From that day on, I spent at least one day a week with Lingfei, writing for her. I would sit cross-legged on one of her wooden couches with my writing table before me while she paced the room, stopping occasionally to consult her notes. Most of the formulas I wrote were for medicines, I decided, for the treatment of various ailments resulting from an excess of either yin or yang, caused by wind, cold, heat, damp, dry, and fire. She told me when I questioned her that she had been a Taoist nun before she caught the Emperor’s eye, and had studied with a master. These formulas that I was writing for her were based on her notes of that time, and the work she had done with the master, and also her observations from the treatment of the women in the harem. It was the first of several confidences that she shared with me.

Different city. Same routine. At least it was a really interesting place. Xi’an and its environs are considered by many to be the cradle of Chinese civilization, and justifiably so. With a history that stretches back at least four thousand years, and its status as capital of several Chinese dynasties, including that of the first emperor, Qin Shi Huangdi, it is a wonderful repository of art and culture. Best known worldwide as the home of the magnificent terra-cotta army of Qin Shi Huangdi, it is a city that seems to me to have managed the transition to the new economic reality better than Beijing, having preserved the old with the new to a much greater extent, as compared to the wholesale leveling of much of old Beijing. It is a walled city, although the urban area has expanded way beyond the walls.

Burton had chosen a hotel within the beautiful old city walls, a little east of the Bell Tower, which would have been the center of the ancient city, positioned where the main north-south and east-west axes meet.

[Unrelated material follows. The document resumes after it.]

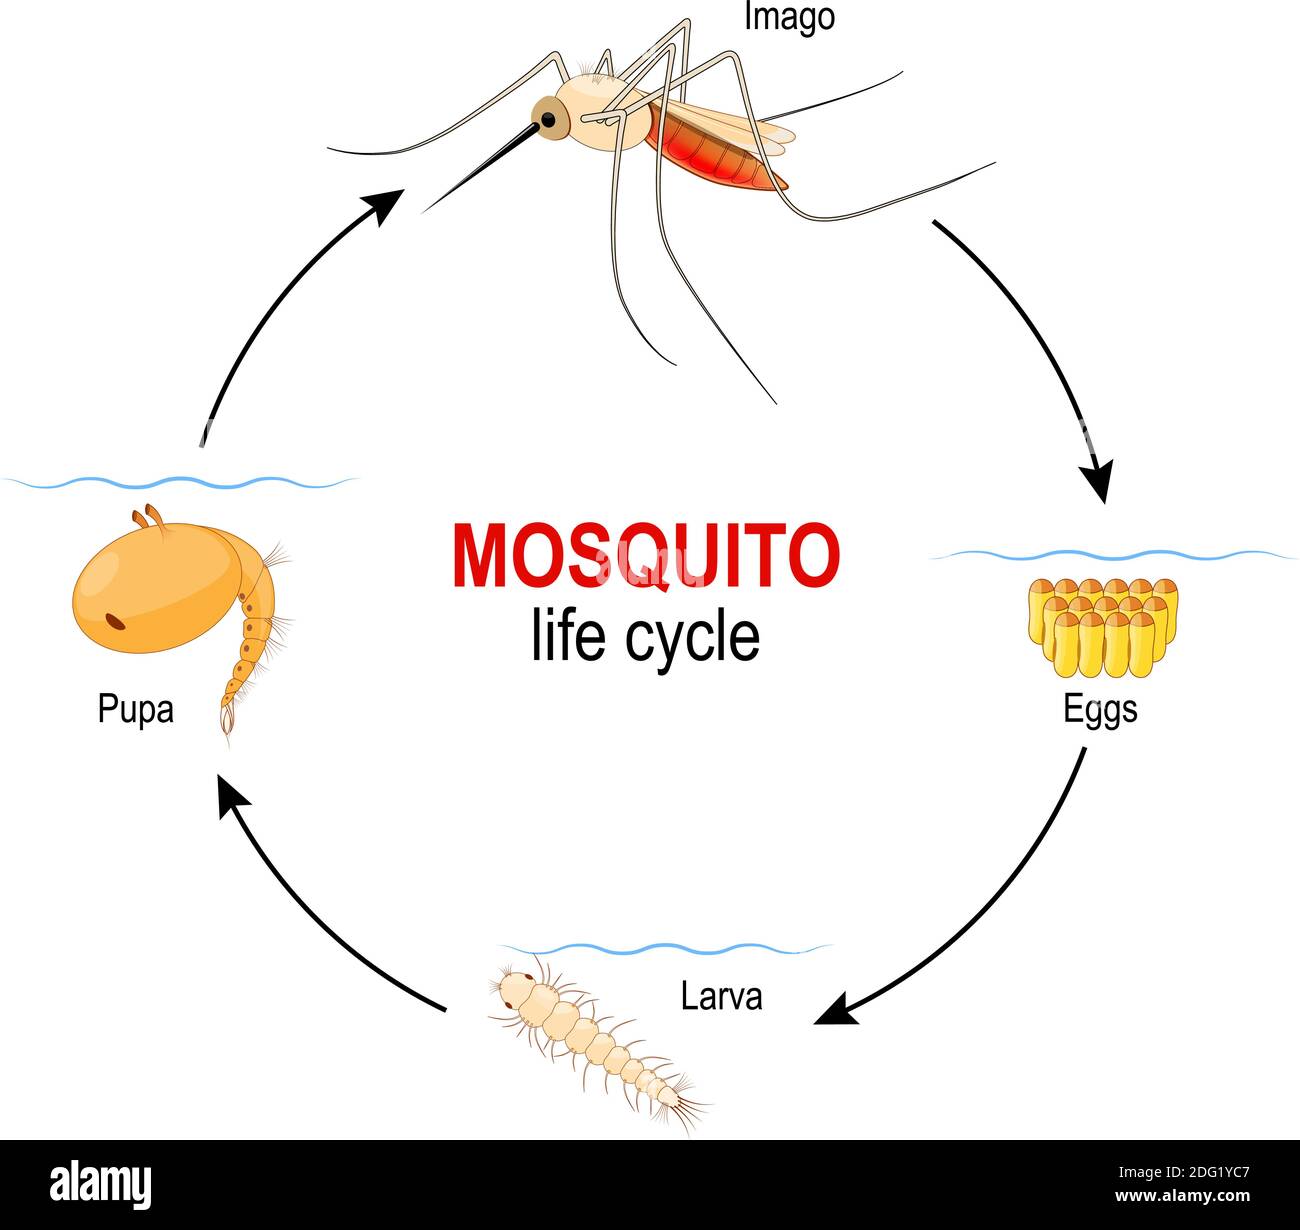 le cycle de vie des moustiques. Quatre étapes : oeuf, larve, Pupa et insecte adulte. Schéma vectoriel à usage éducatif, scientifique, biologique et médical Illustration de Vecteur

He headed out of his hotel around 9 AM when this part of town was just waking up. Once out the front door he stopped briefly to add a surgical mask to his attire, which already included a hat pulled down over his ears, a long scarf that was wound around his neck a couple of times, azure of course, and heavy jacket and gloves. It was cold, that’s for sure, and for once the surgical mask did not look entirely out of place. Xi’an’s air is unfortunately highly polluted, and even some Chinese wore masks.